I knew where you were coming from, and added my $.02.


----------



## Gunz (Feb 25, 2016)

In the past years since OIF U.S. strategy in the Pacific Rim has focused on containment of the PRC by building alliances with surrounding and neighboring countries, including Vietnam. The idea being in event of an actual hot war with China, we and our allies could conduct swarm attacks from these surrounding locations as opposed to an invasion of the Chinese mainland, which would arguably be a hopeless task.

Any bitterness I may have over the Vietnam War stems from the circumstances from that particular point in history and has nothing to do with current events or even with the Vietnamese people.
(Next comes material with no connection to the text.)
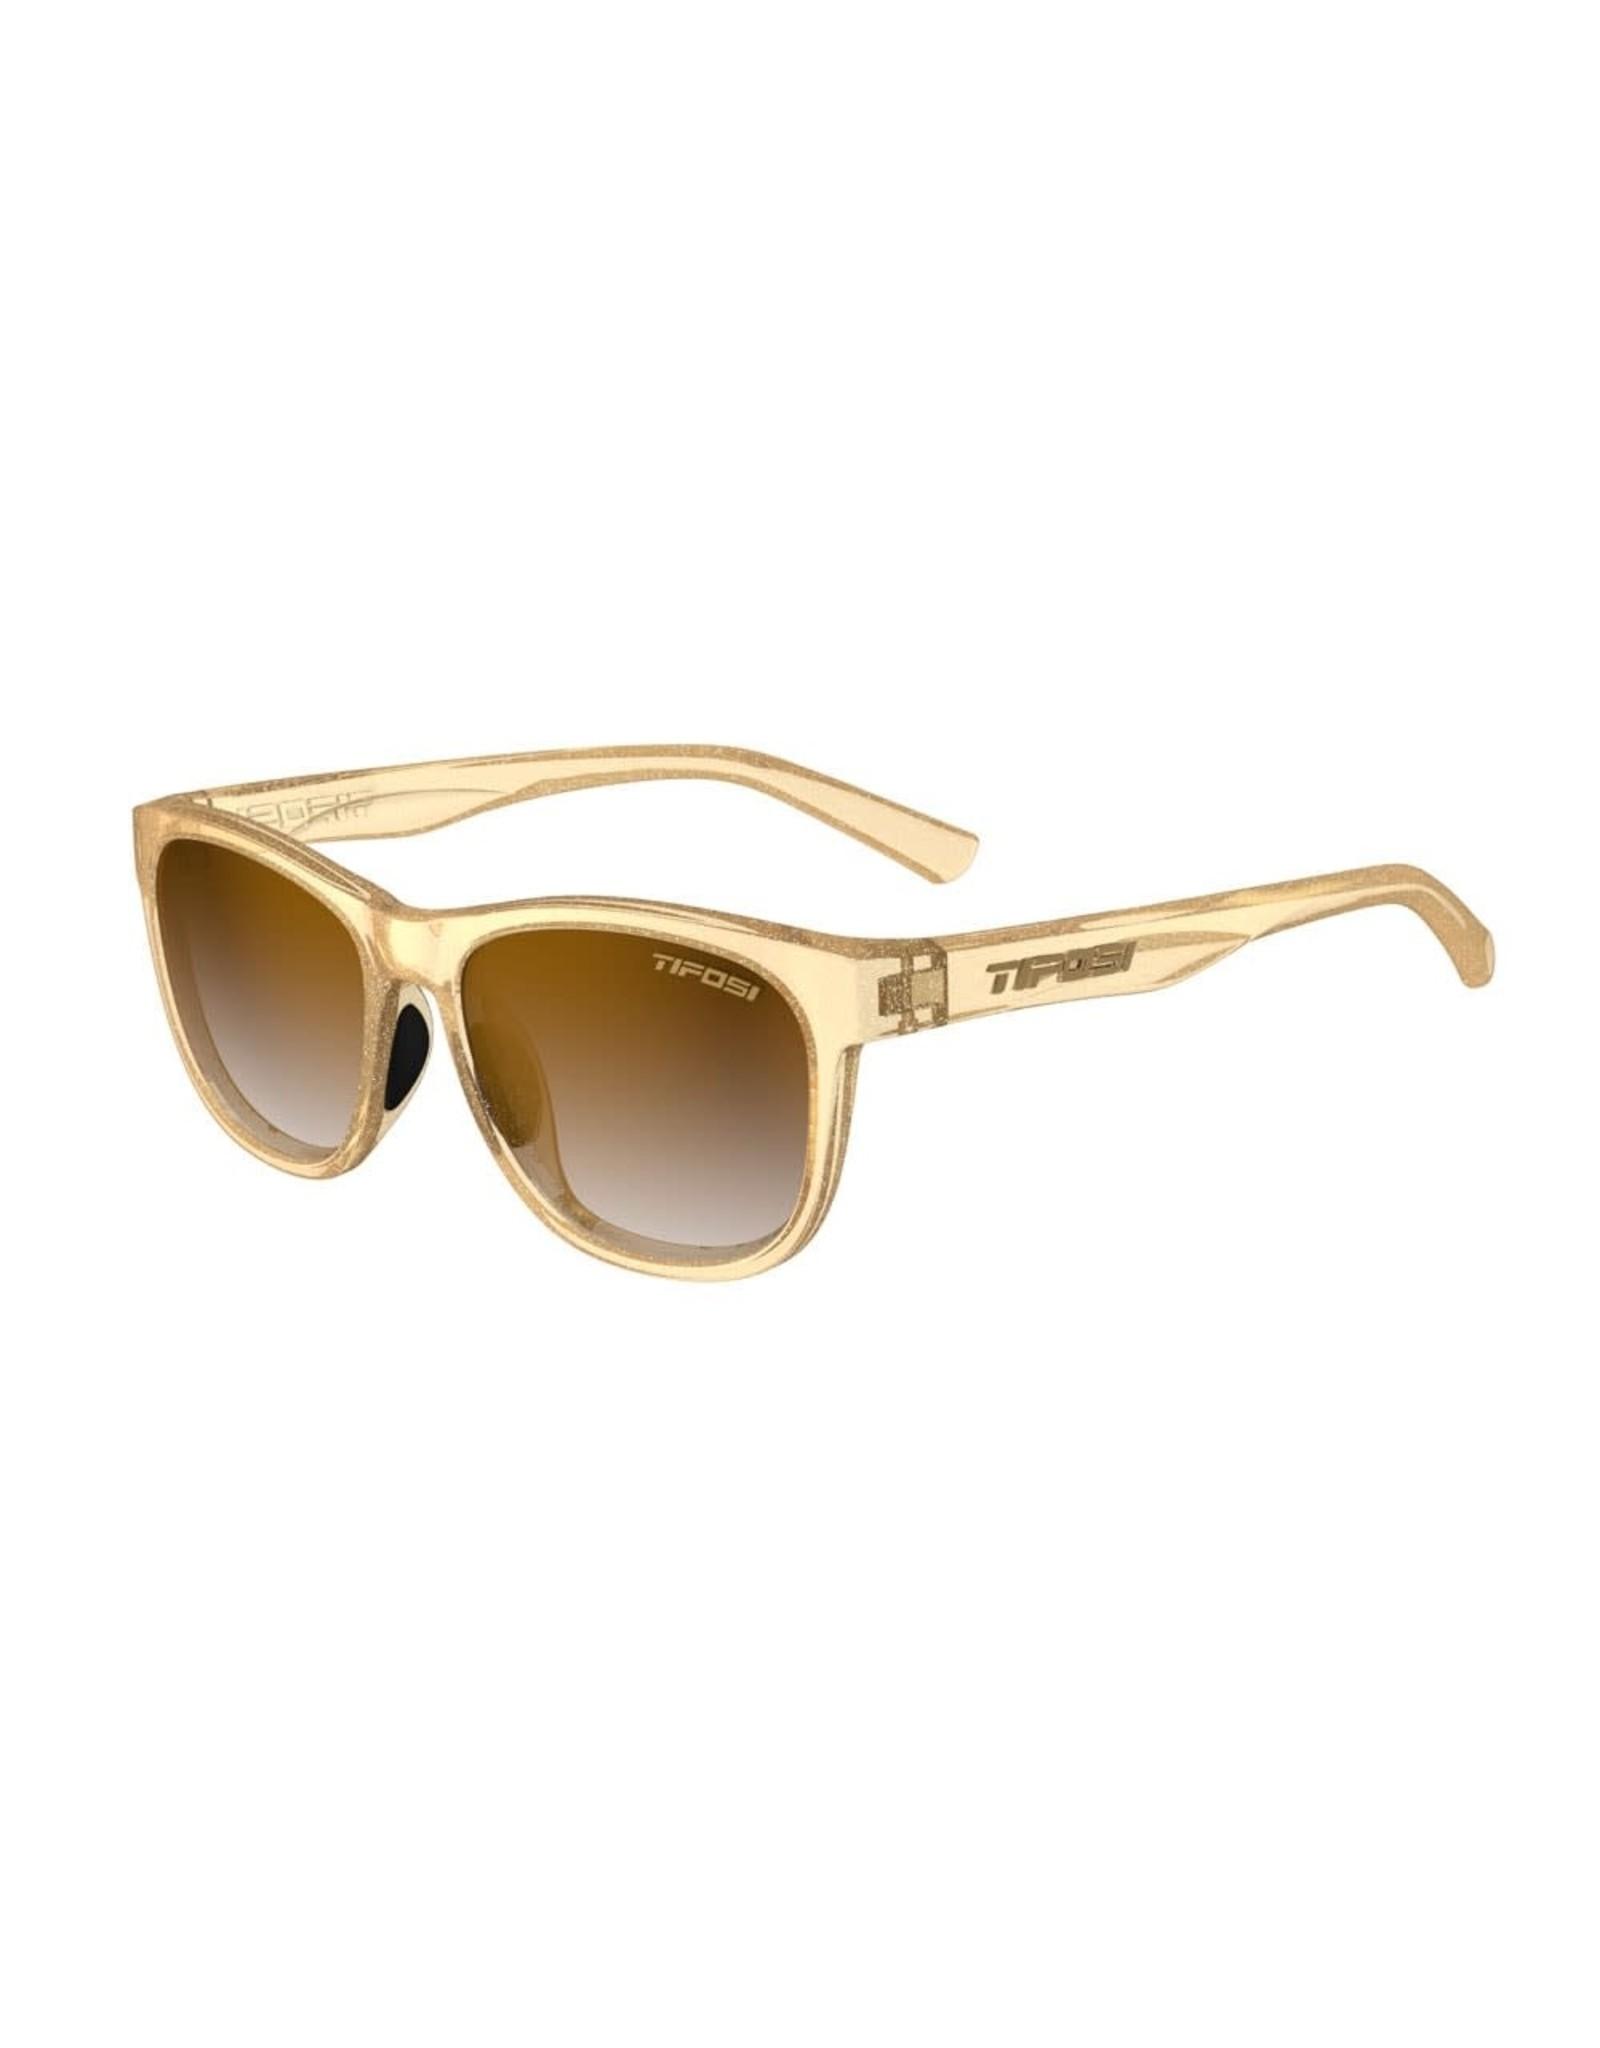 Tifosi Optics Swank Glitter, Gold Shine Brown Gradient Glasses
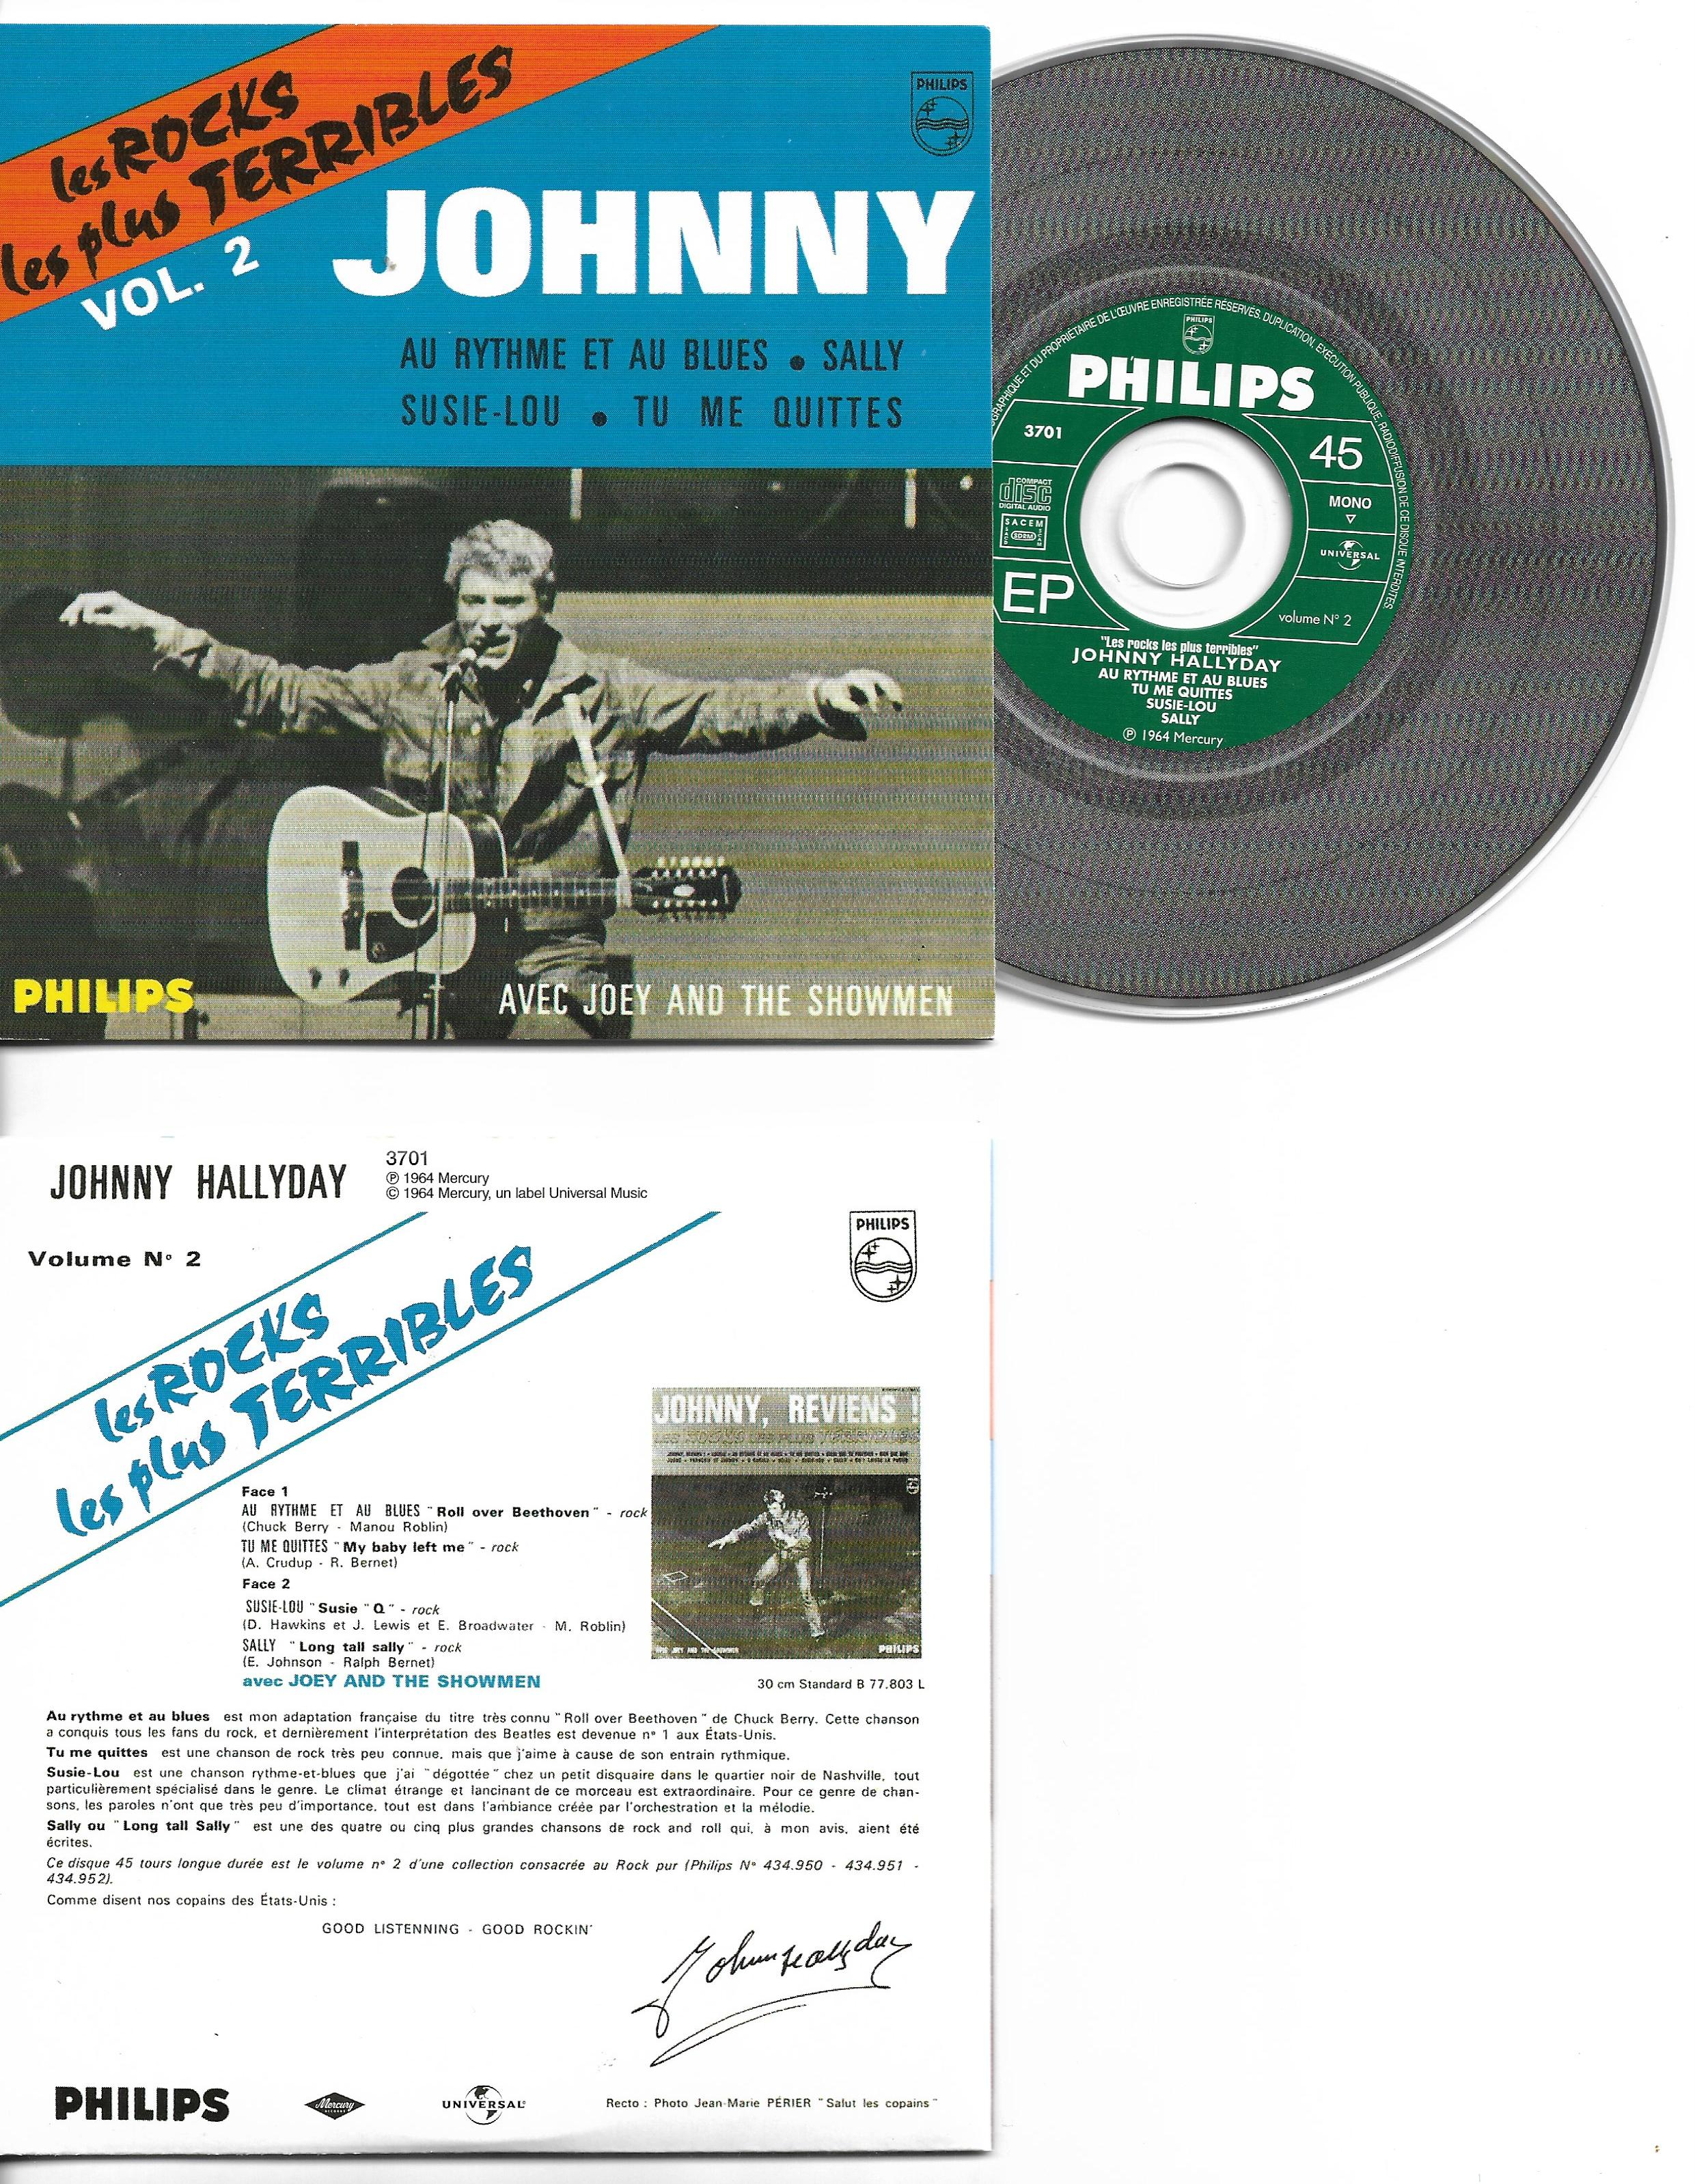 JOHNNY HALLYDAY - Les rocks les plus terribles vol 2 4-track CARD SLEEVE EP REPLICA - CD single

Jane Fonda can suck my dick but I'd fight any day alongside Vietnamese. Better to have them as friends than as enemies...man for man I think they're better soldiers than your average PLA trooper.

I disagree with many of my fellow Vietnam vets who developed a chauvinistic contempt for the Vietnamese, partly because of brief encounters with undertrained ARVN units and partly because young Americans didn't have the patience or desire to understand the country they were fighting in.

China needs watching. I've made it a point over the past decade to study any and all open source intel regarding Chinese activities in the Americas. PLA intelligence teams have been active in Africa, Central and South America, even in Mexico, and always accompany PRC business delegations around the world. The Chinese Triads are active in Mexico and Panama, in human and arms trafficking. Whether they are legal, illegal, overt or covert, the PRC is exerting economic, political and military influence around the globe and in our hemisphere...even, apparently, conducting FID with various Central and South American rebel factions. IMV now is not the time to get ourselves in a huff over shit that happened 40 years ago.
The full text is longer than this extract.